We have developed a facile method of preparing CyD-g-CS by means of the carboxymethlation of CyDs and the dehydration-condensation reaction to CS. In this method, crude product containing ~10% of the CM-CyD was subjected to the grafting reaction without further purification. The product (CyD-g-CS) was finally purified by dialysis. This method was applicable to all common CyDs (α-, β- and γ-CyD). Besides, the CyD content was changeable by the feed ratio (CM-CyD/CS unit). CyD-g-CS was obtained in higher yield in a shorter period of time compared with our previous report.
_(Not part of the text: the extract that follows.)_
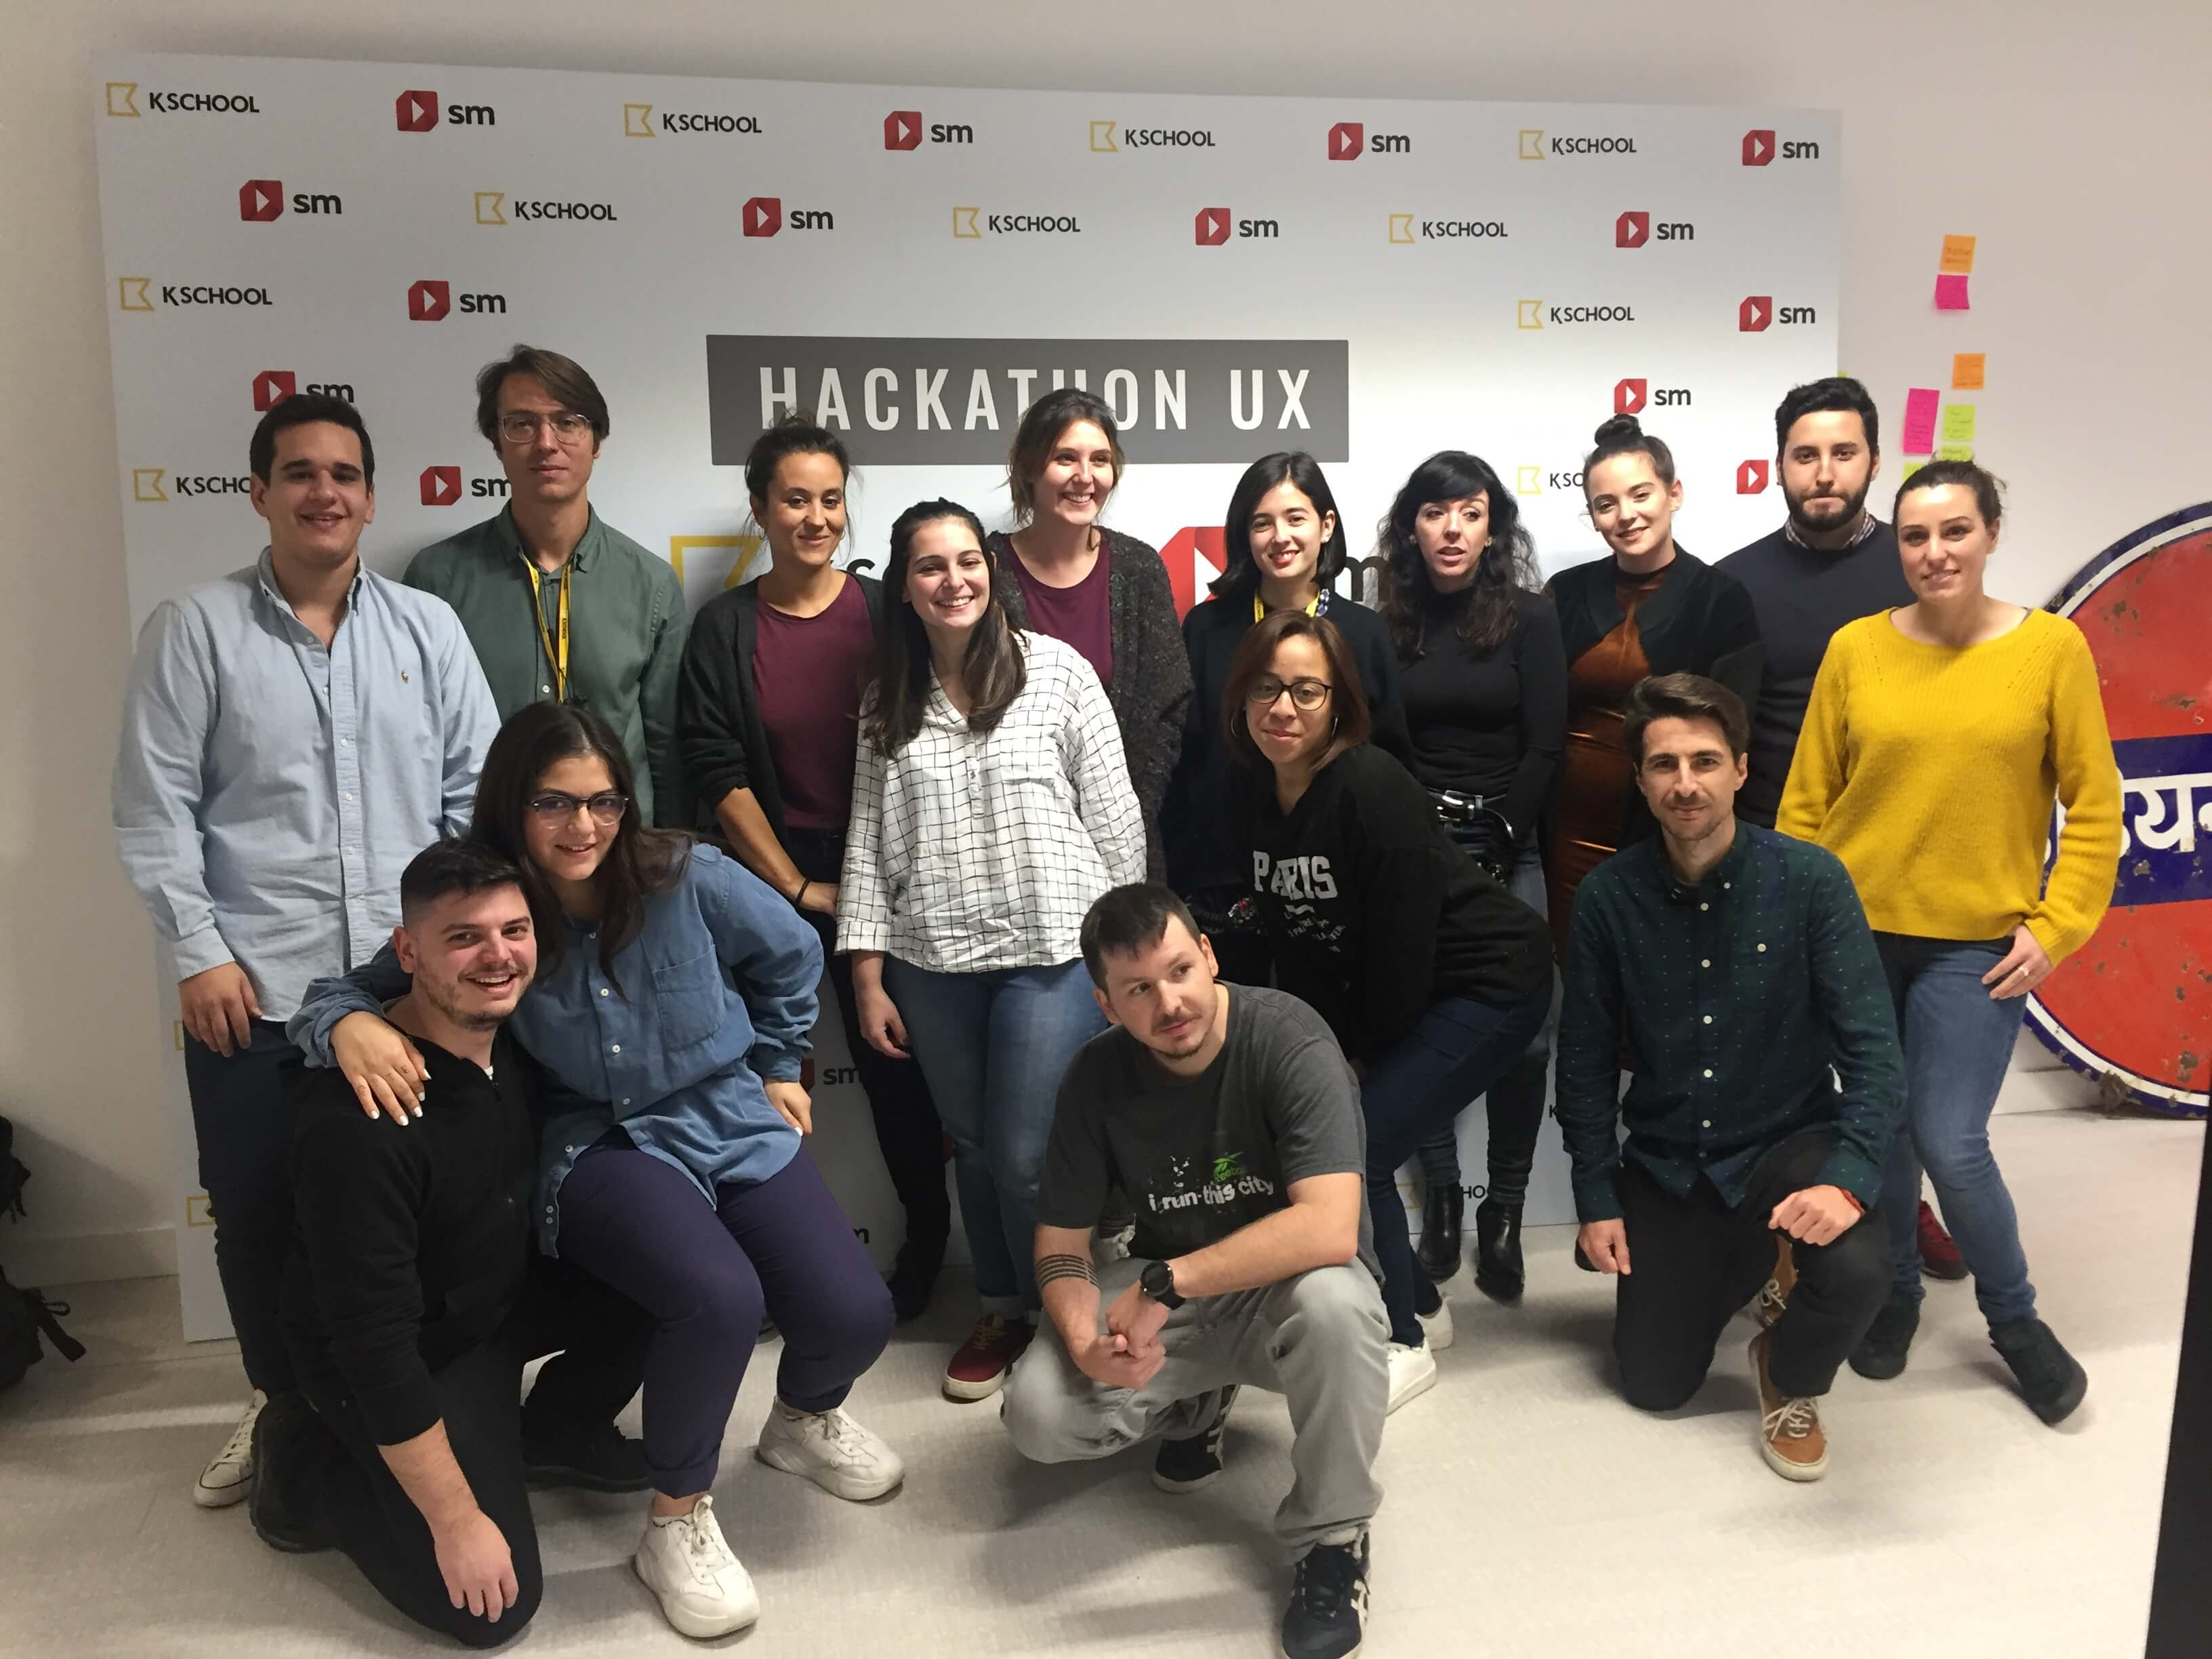 Hackathon KSchool & SM

This facile method makes further functionalization of the CyD-g-CS accessible. We have found that the inclusion by γ-CyD-g-CS enhanced the capturing efficiency for Dox. Further functionalization of CyD-g-CS for tumor targeting and a triggered release would provide an improved Dox delivery system. This work is now in progress.

Facile preparation of α-, β- or γ-CyD-g-CS.